The net result has been the imposition of more obligations on beneficiaries to find work, backed up by increasingly tougher sanctions for non-compliance.

The working group will instinctively feel it has to be more radical than that to justify its existence.

It could hardly serve up a centre-left package for a centre-right government.

Likewise, its terms of reference requiring it to tackle "welfare dependency" effectively preclude it from endorsing the status quo.

 

It has accordingly been quick to denigrate the present benefit system as "outdated" and "unsustainable".

It seems to have few scruples about the way it is going about trying to reinforce such a view.

The "future liability" of $50 billion in benefit payments is a case in point.

Many news organisations covering Monday's release of the discussion document highlighted that figure.

It offered a fresh angle on what was otherwise a rather long rehash of old arguments about the consequences of being dependent on a benefit and the desirability of finding paid work.

The $50 billion figure is rather meaningless, however.

You could likewise add up the lifetime costs of paying someone state-funded superannuation.

That would not be a reason on its own for no longer paying it.

Beneficiaries are in a different political category to pensioners, however.

The $50 billion figure has been concocted to paint the benefit system as an intolerable financial burden.

If this was part of a strategy to manipulate at an early stage what promises to be a humdinger of an argument once some reform options go on the table, then it worked even better than its proponents would have been hoping.

The $50 billion was widely misconstrued as being an estimate of the future size of the annual benefit bill.

For that to be the case, the total amount budgeted for welfare payments would have to blow out by nearly eight times its present levels.

The benefit system would have well and truly become unsustainable.

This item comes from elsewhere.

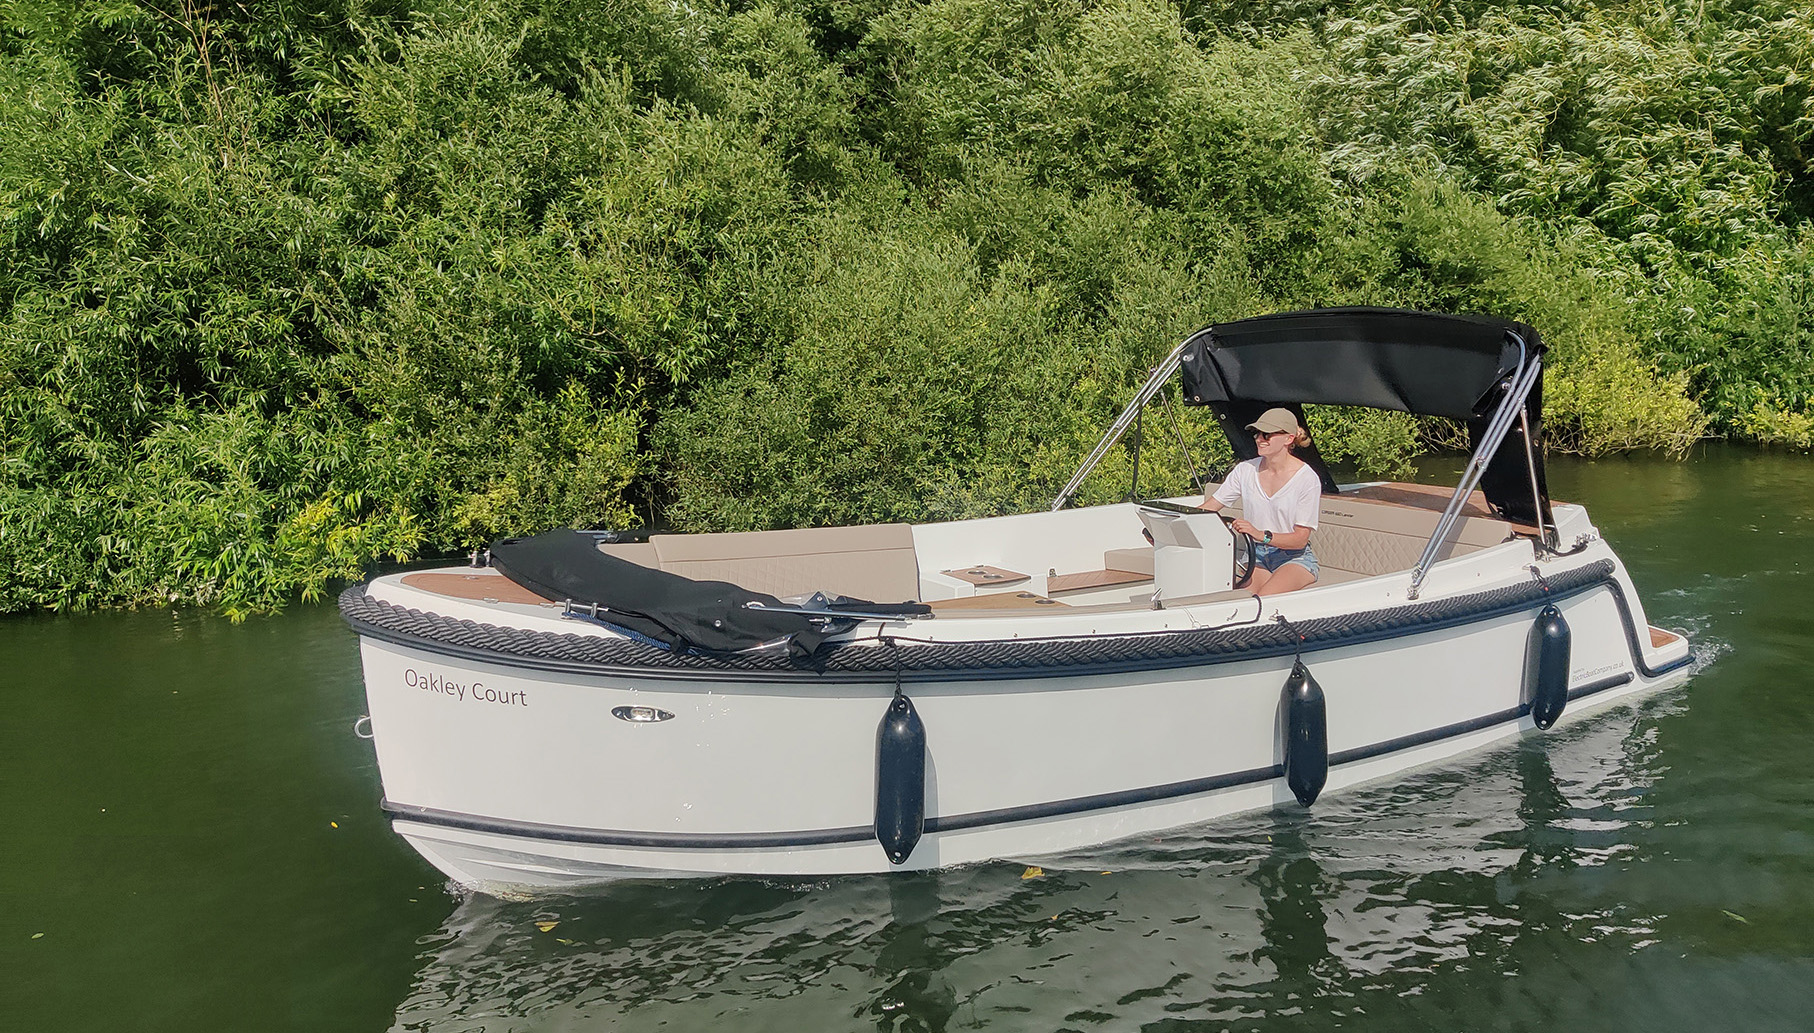 10 Seater Boat Hire in Berkshire

That is about the only funny note surrounding a document that amounts to polemic masquerading as analysis.

It is highly selective in citing statistics that suit its argument.

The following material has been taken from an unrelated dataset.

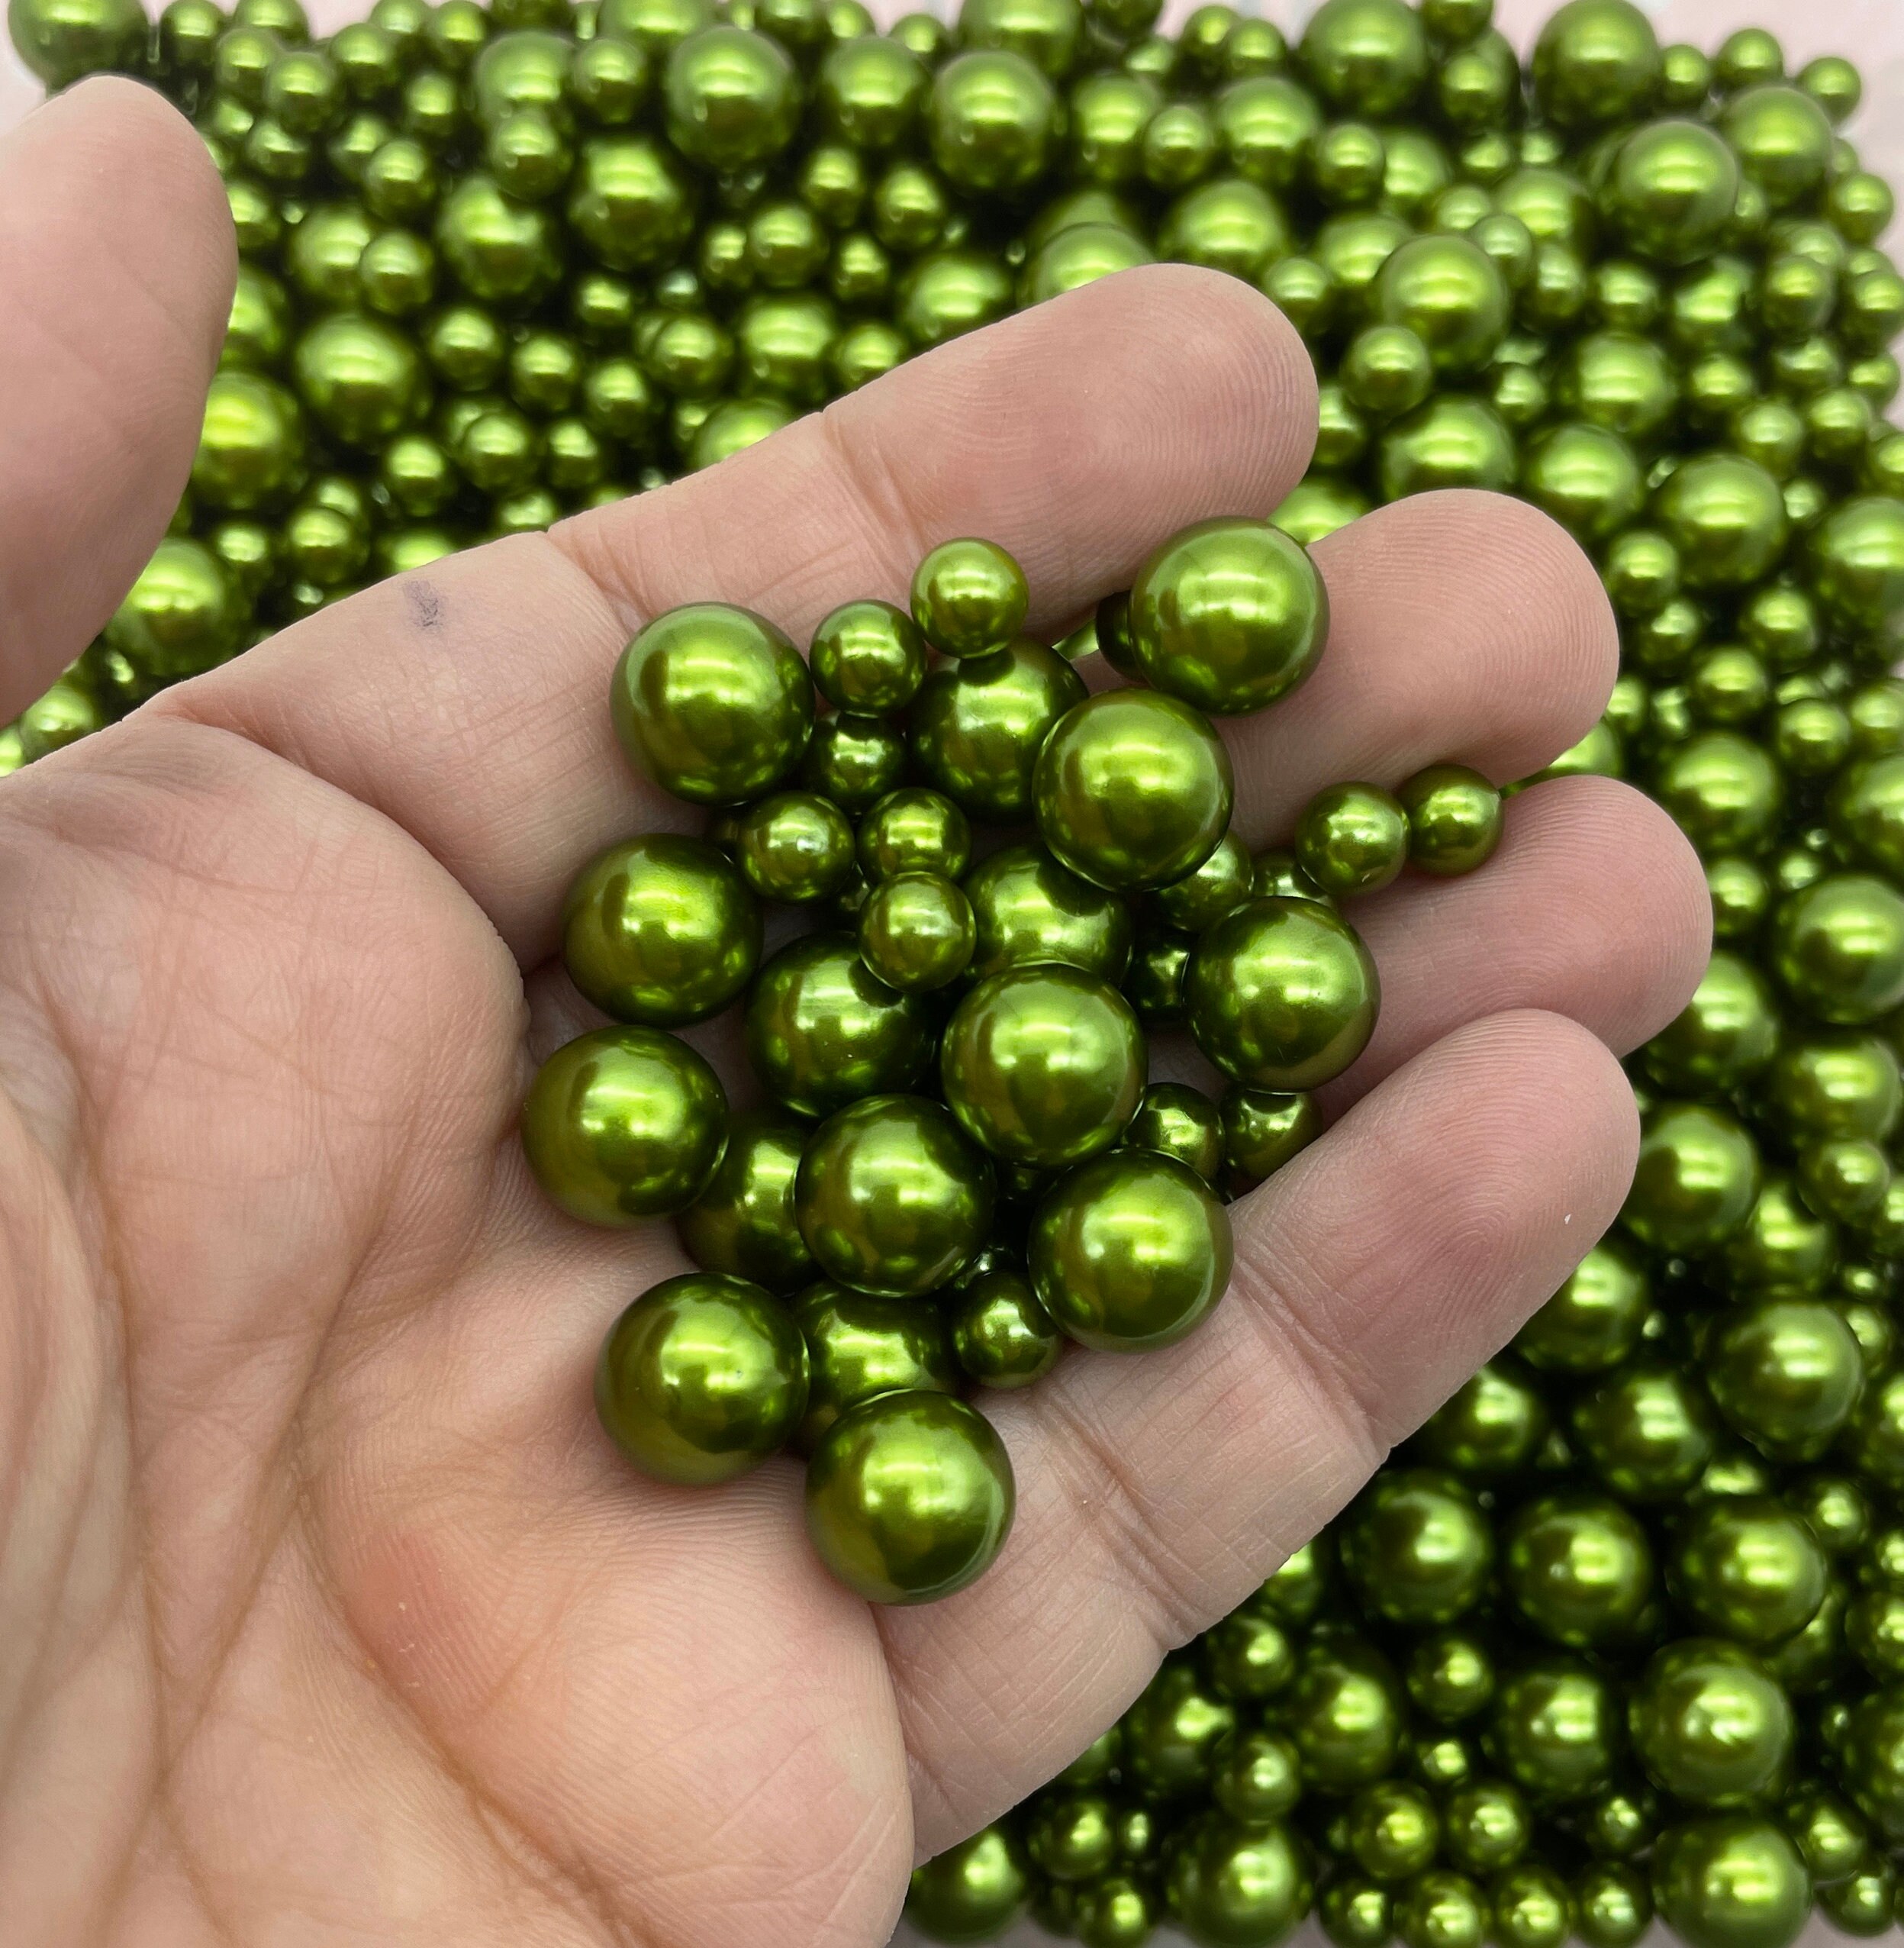 GREEN PEARLS, No Hole Fake Pearls, Multisize Faux Nonpareil Acrylic  Dragees, Opaque Caviar Bead Pearls, K25

It uses the experience of other countries to point to the relative failings of New Zealand's social assistance policies.

Perhaps worst of all, it makes assertions that are just plain wrong.

The discussion paper's emphasis on getting beneficiaries into work sees it citing Denmark, France, Germany, Sweden and Ireland as countries where, in contrast to New Zealand, sole mothers actually have higher employment rates than mothers with partners.

 

The OECD's family database tells a rather different story.

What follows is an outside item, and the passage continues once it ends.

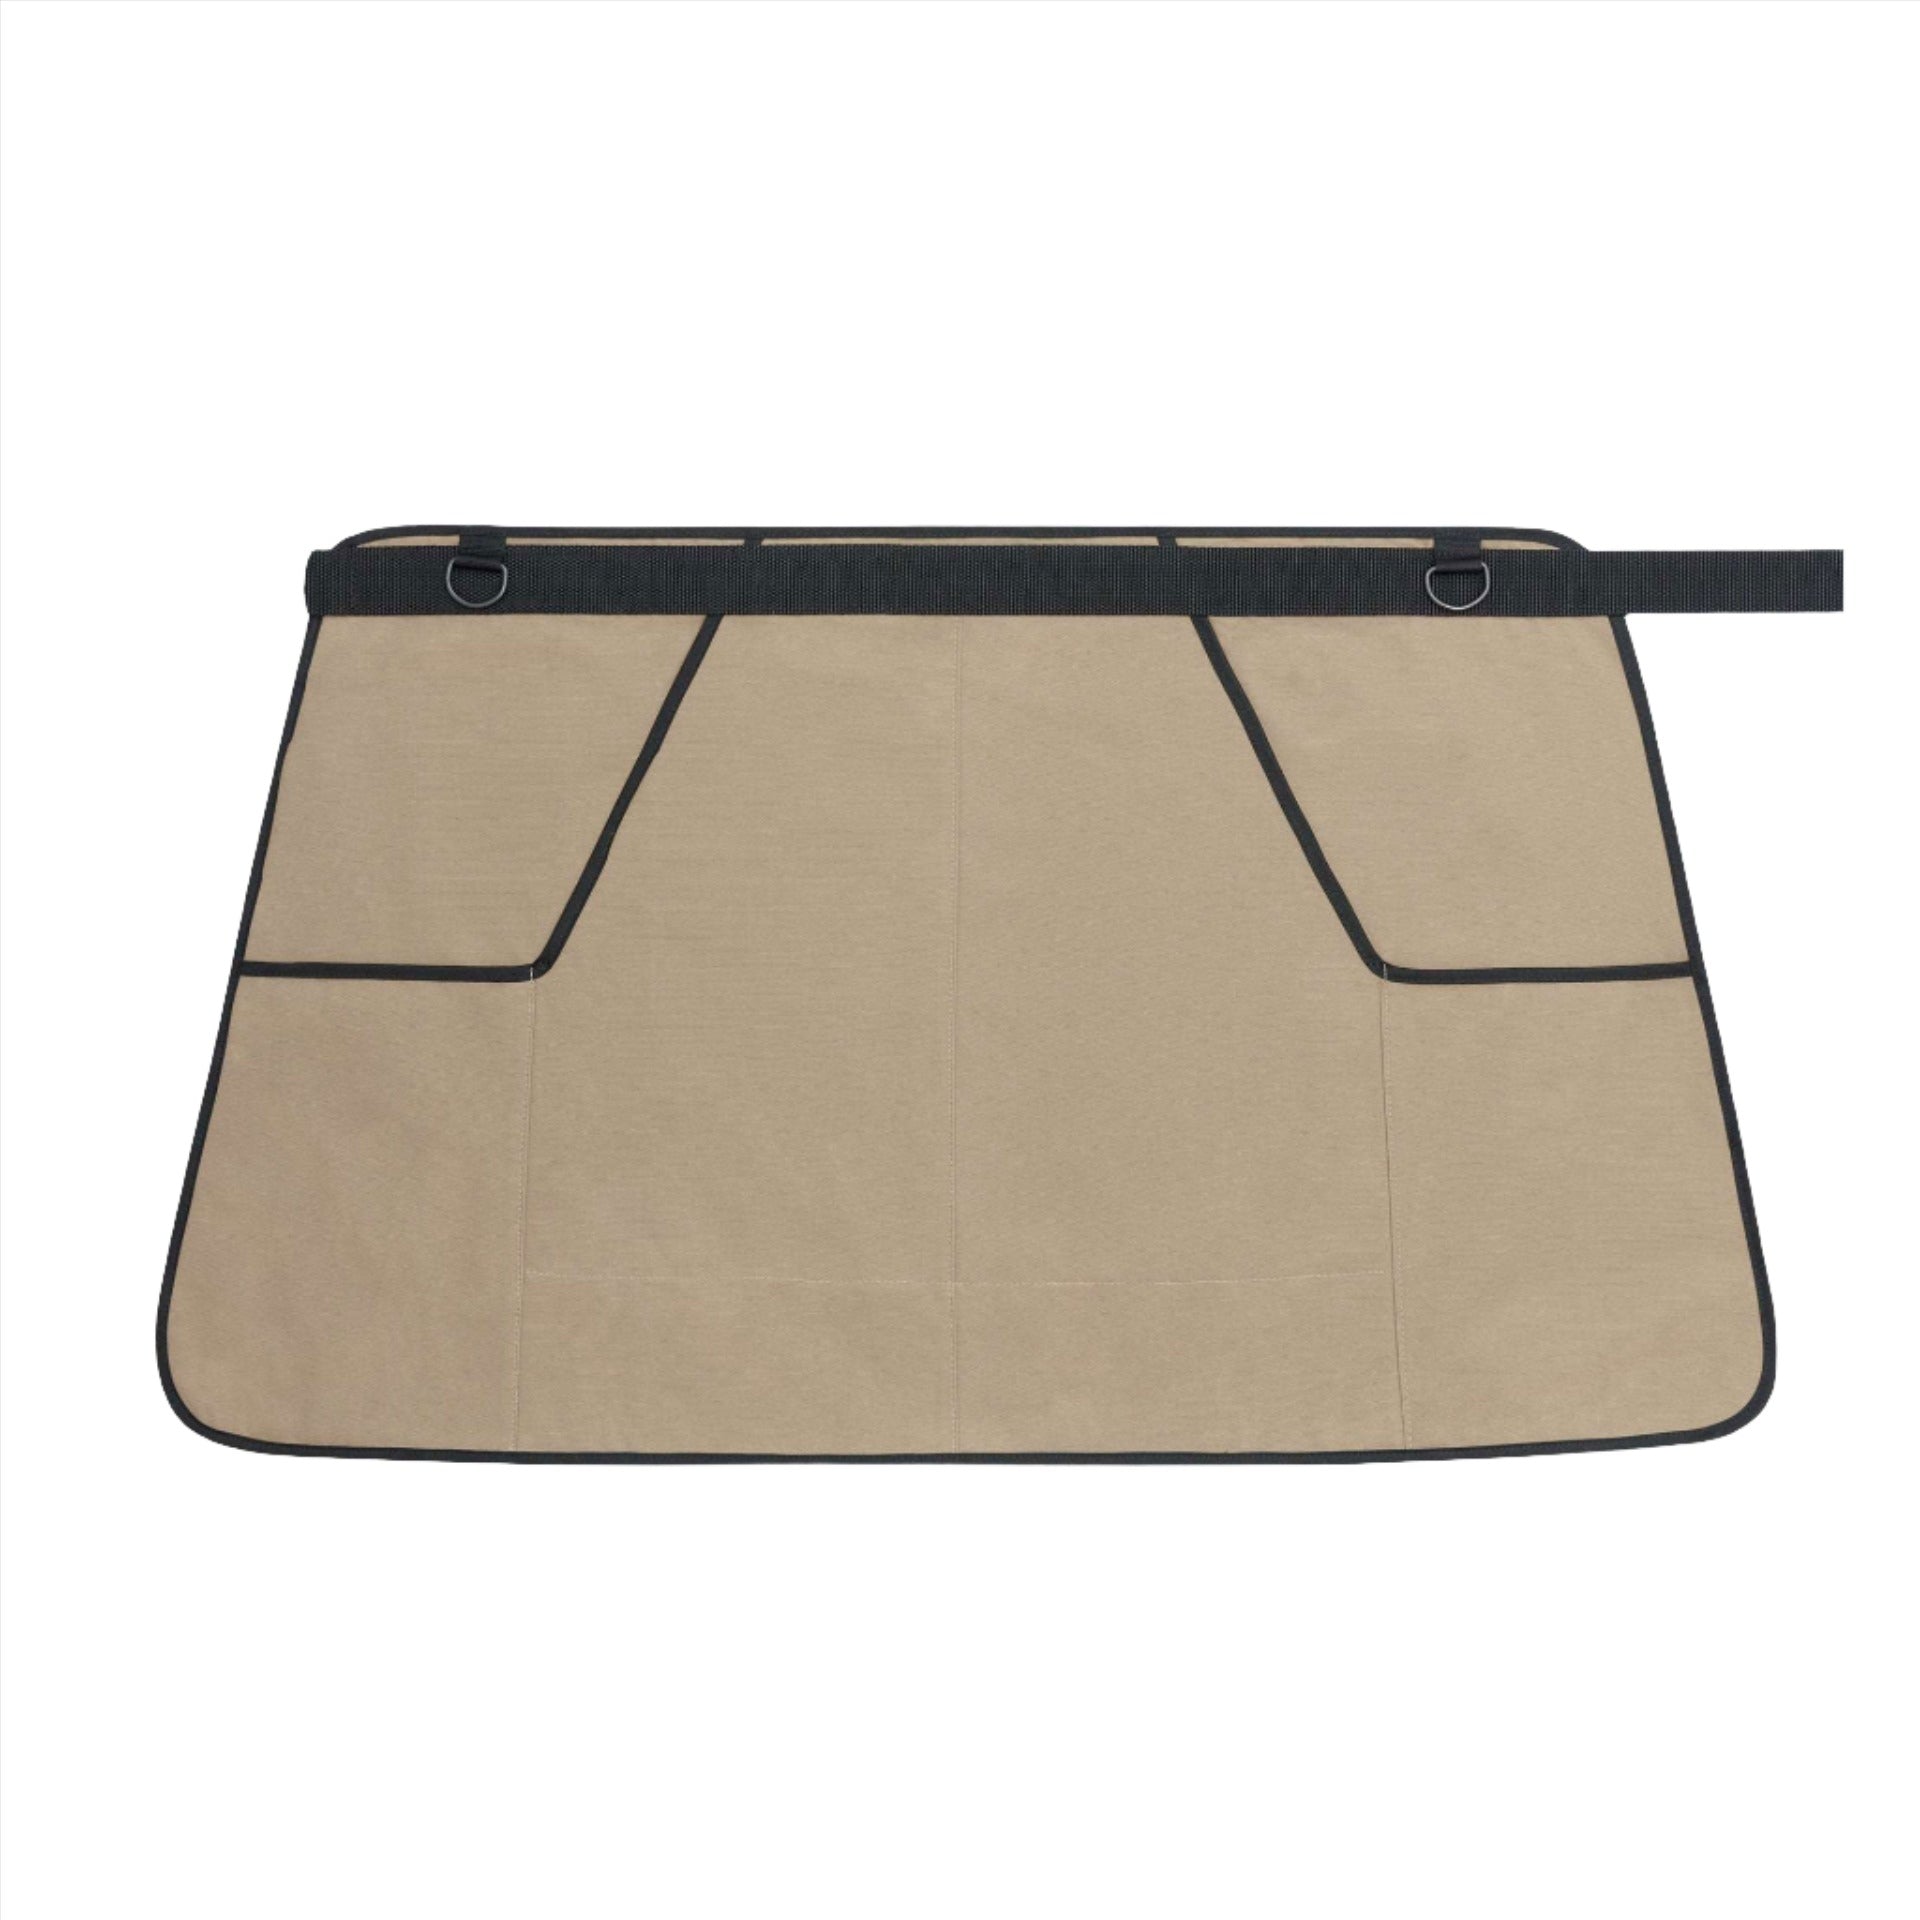 tailgater-grilling-apron-camel-open

In Ireland, mothers with partners actually outstrip sole mothers when it comes to paid employment - as they do in France and Germany, though not by much. The spectacular fall in numbers on the unemployment benefit before the economy went into recession and the subsequent rise again as a result of that downturn would suggest the unemployment benefit is no longer a career choice, but remains a vital backstop when things get tough.

The working group seems to struggle with this because economic recovery will bring another fall in the numbers on the dole, thereby removing part of its raison d'etre.

The group similarly tries to argue that the costs imposed on government by an ageing population will make the present benefit system unsustainable, even though the resulting demand for labour should see a significant and lasting cut in unemployment numbers.

To be fair, the group's focus here is more on the rising numbers on the domestic purposes, sickness and invalid's benefits.

The latter two categories are more problematic, but getting sole parents into work is not rocket science.

The requirements are straightforward: availability of jobs, adequate training, adequate transport, adequate child care and adequate pay to remove the large financial disincentives.

This costs money. Lots of money.

In that light, the willingness to spend money in the hope of saving money down the track will be the true test of National's commitment to worthwhile welfare reform, regardless of what Ms Rebstock's group recommends.

John Armstrong is The New Zealand Herald's political correspondent.